How to extract gnomad exomes bgz
3
2
Entering edit mode
4.4 years ago
stanedav ▴ 50

Hello guys, I need help with processing gnomad variant data.

But I need to uncompress this bgz file into regular vcf - I need to process it locally variant by variant. Is there any way how to do it?

I tried to decompress the file with bgzip but I had this error:

bgzip --decompress gnomad.exomes.r2.0.2.sites.vcf.bgz
[bgzip] gnomad.exomes.r2.0.2.sites.vcf.bgz.tbi: unknown suffix -- ignored


Is there any way how to get plain vcf from bgz file?

0
Entering edit mode

Hello,

what kind of analysis do you like to perform?

Normaly there is no need to unzip. Most existing software for anslyising vcf can handle compressed file. If you write your own one, there is a good chance that there is a module which can handle it.

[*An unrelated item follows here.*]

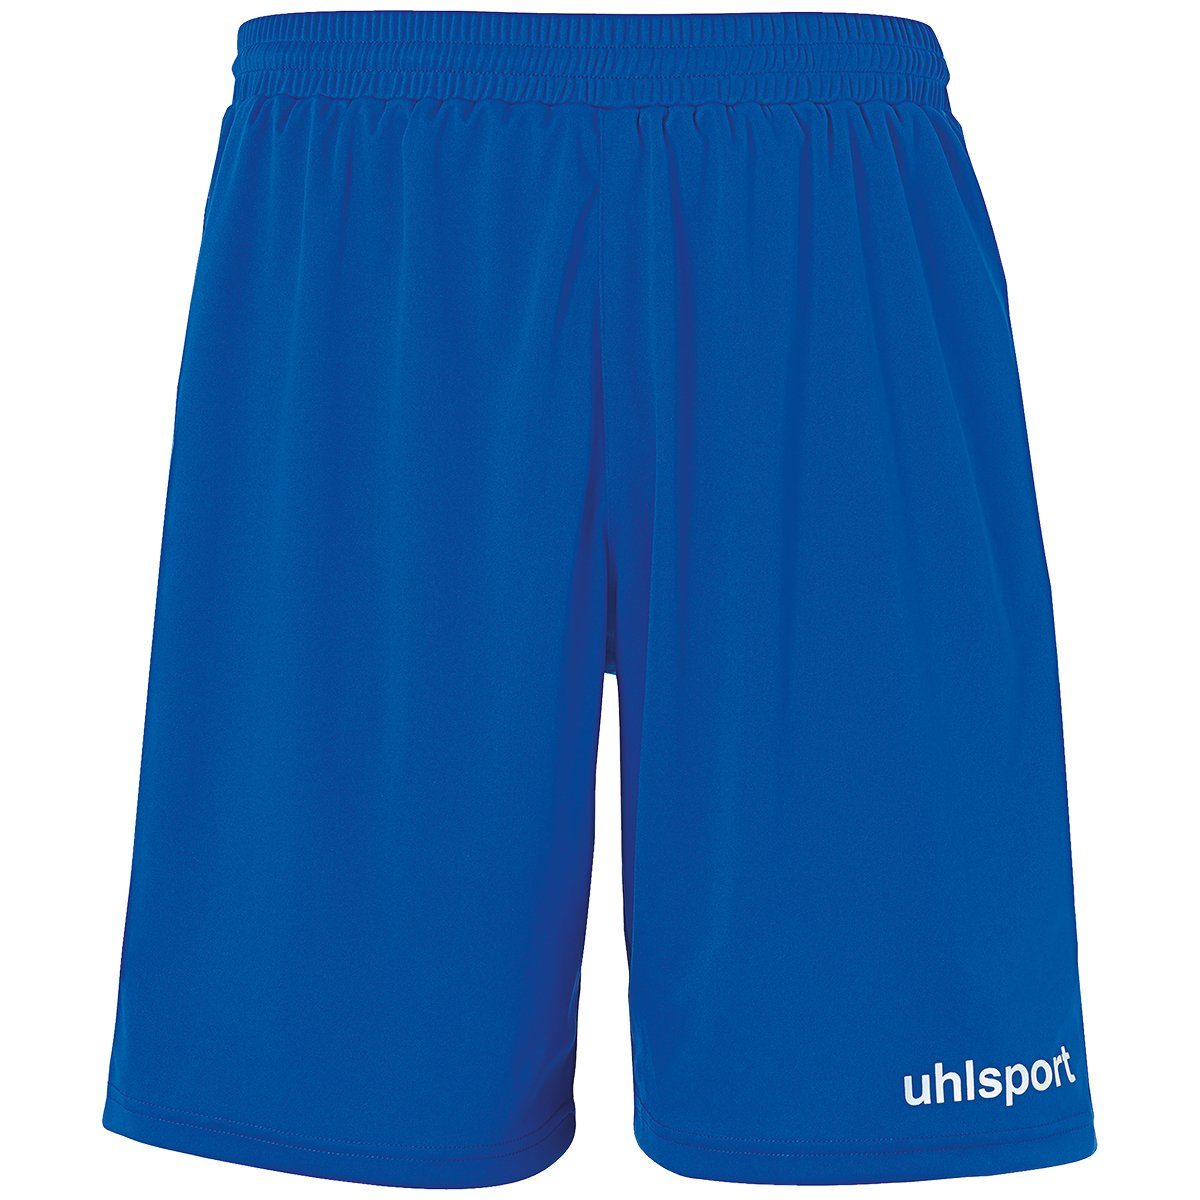 azurblau/weiß PERFORMANCE SHORTS uhlsport Shorts uhlsport Shorts

One more thing you can do is to use zcat. This prints the content of a compressed file directly to stdout and you can read it in on the fly to your program.

fin swimmer

7
Entering edit mode
4.4 years ago
mv gnomad.exomes.r2.0.2.sites.vcf.bgz gnomad.exomes.r2.0.2.sites.vcf.gz

0
Entering edit mode

This does work but I'm wondering why they are given the name ending in .vcf.bgz to begin with. We shouldn't have to rename the file in order to decompress it. 'bgz' isn't a recognizable file extension and gzip/gunzip do not allow that. If it is a gzipped vcf it should really be called .vcf.gz. tar.gz is a special case where it can be shortened to 'tgz'.

0
Entering edit mode
3.7 years ago
Shicheng Guo ★ 9.2k

They are compressed bcf format. try the following one:

bcftools view gnomad.exomes.r2.0.2.sites.vcf.bgz -Ov -o gnomad.exomes.r2.0.2.sites.vcf

0
Entering edit mode
2.9 years ago
janapet • 0

0
Entering edit mode

This is virtually the same solution recommended by Pierre 18 months ago. Is there a reason this should be a separate answer?